◆ RAW DATA

#####

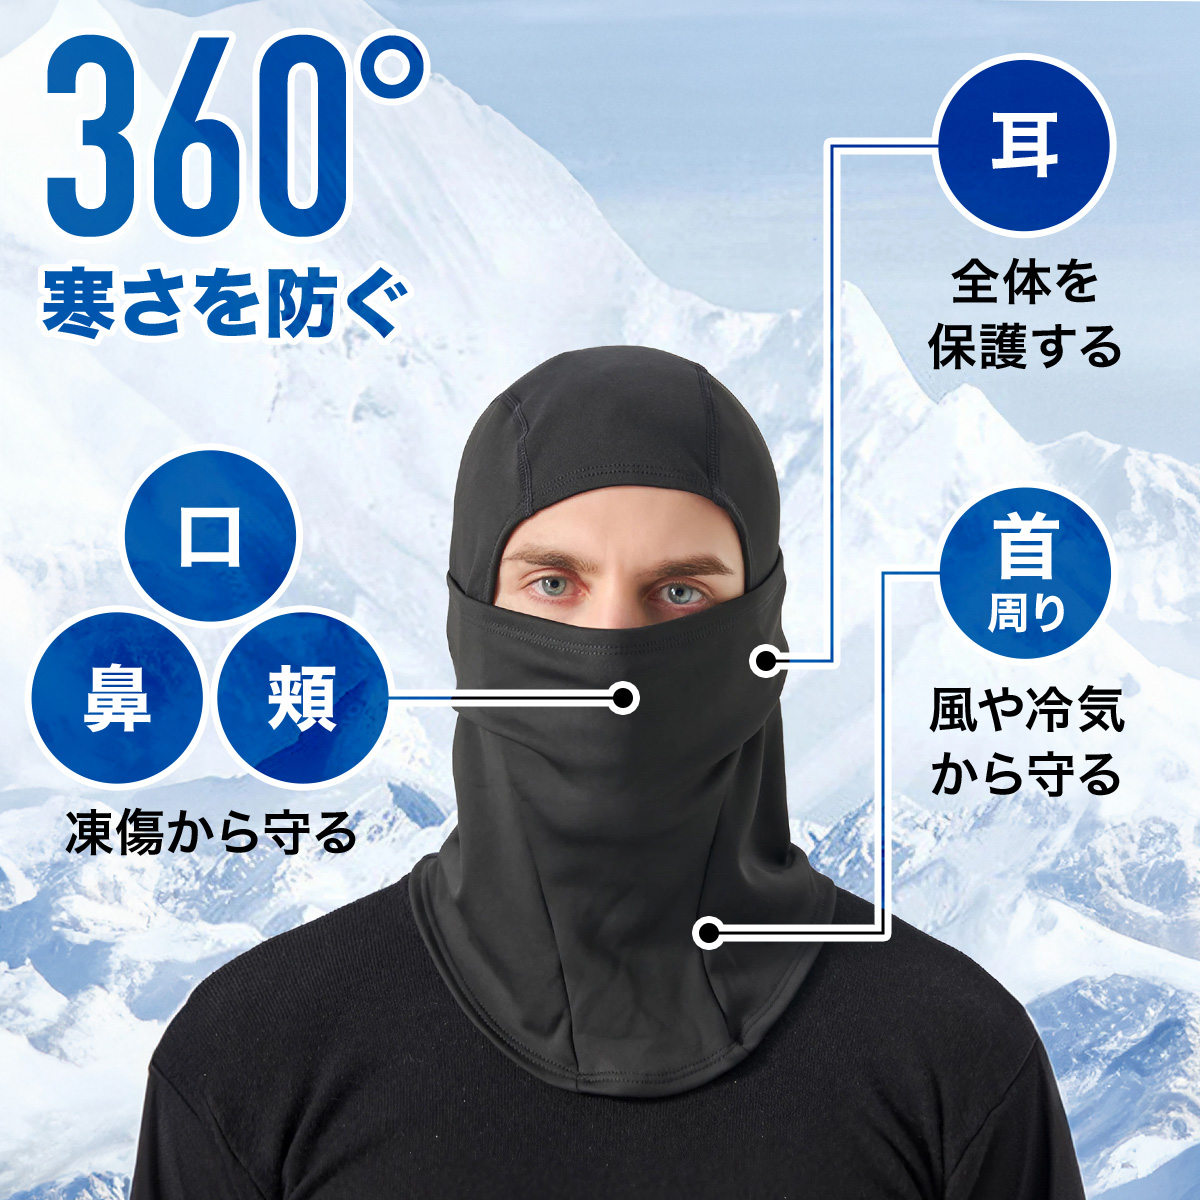  защита горла "neck warmer" мужской капот утеплитель защищающий от холода маска для лица лицо утеплитель шея gator мотоцикл лыжи сноуборд рыбалка 
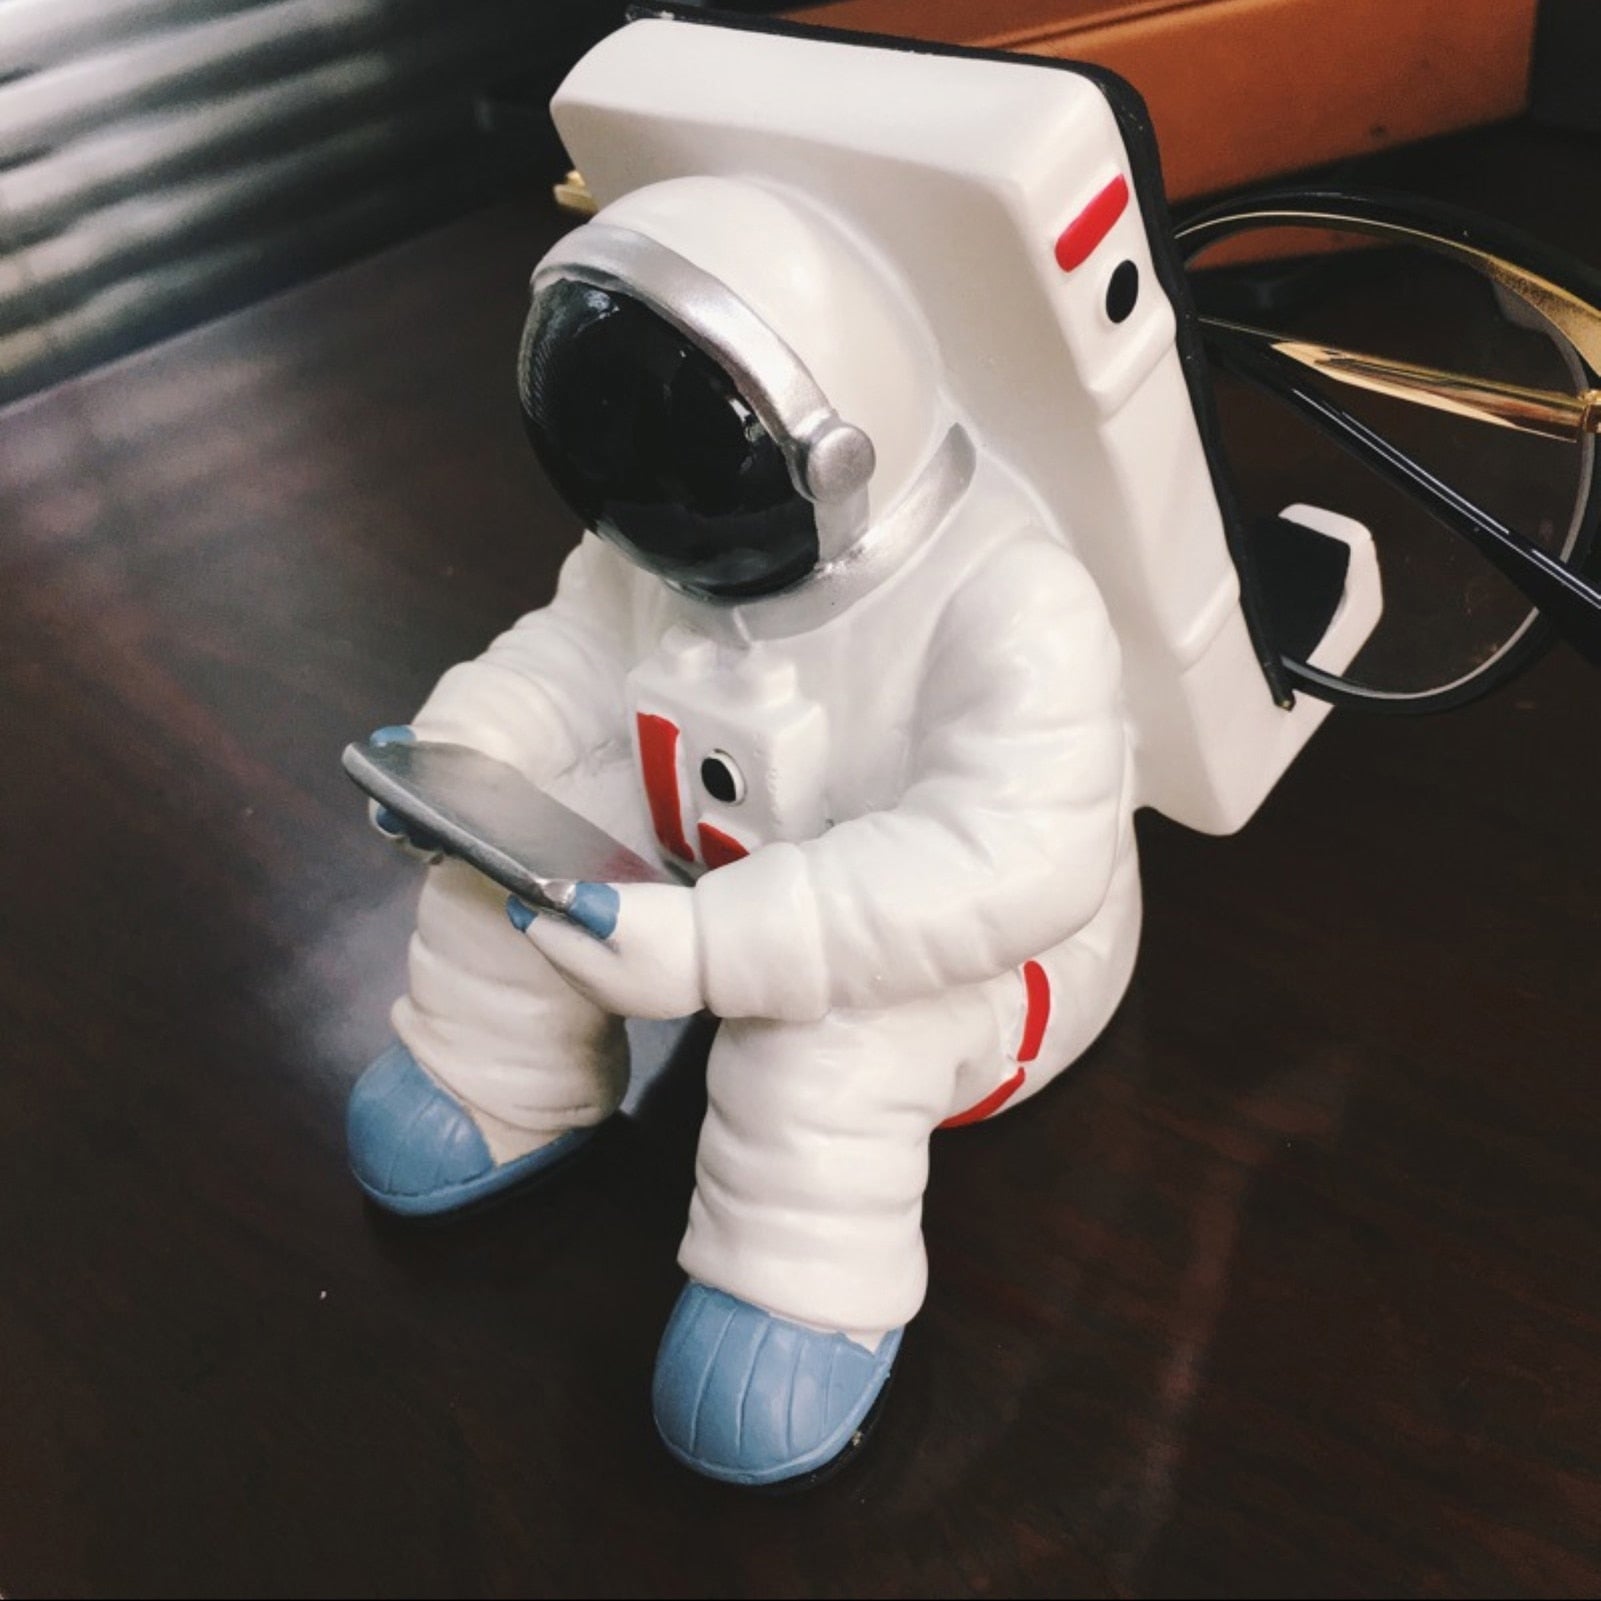 Creative Astronaut Mobile Phone Holder
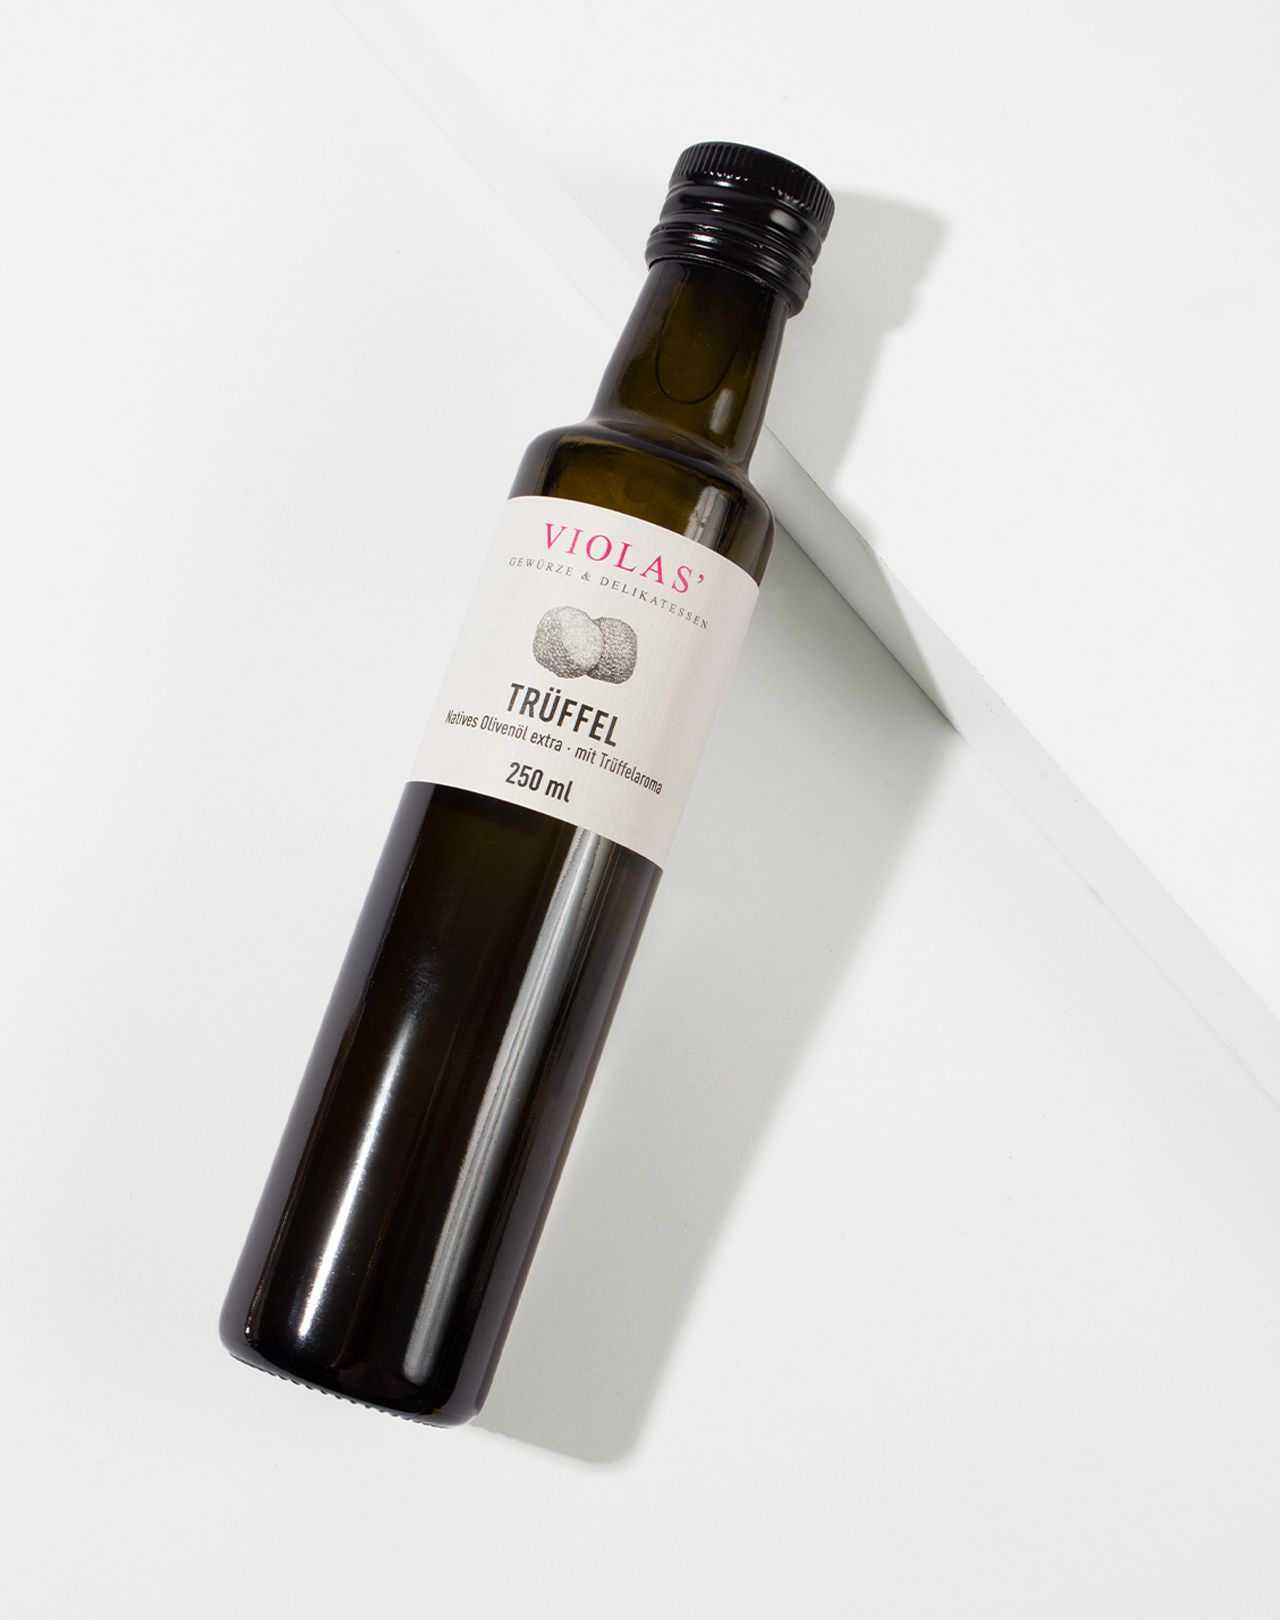 VIOLAS’ Olivenöl »Trüffel«

#####

A word-for-word copy of the listing is the goal; keep every picture out of it.

  защита горла "neck warmer" мужской капот утеплитель защищающий от холода маска для лица лицо утеплитель шея gator мотоцикл лыжи сноуборд рыбалка 
 Creative Astronaut Mobile Phone Holder
 VIOLAS’ Olivenöl »Trüffel«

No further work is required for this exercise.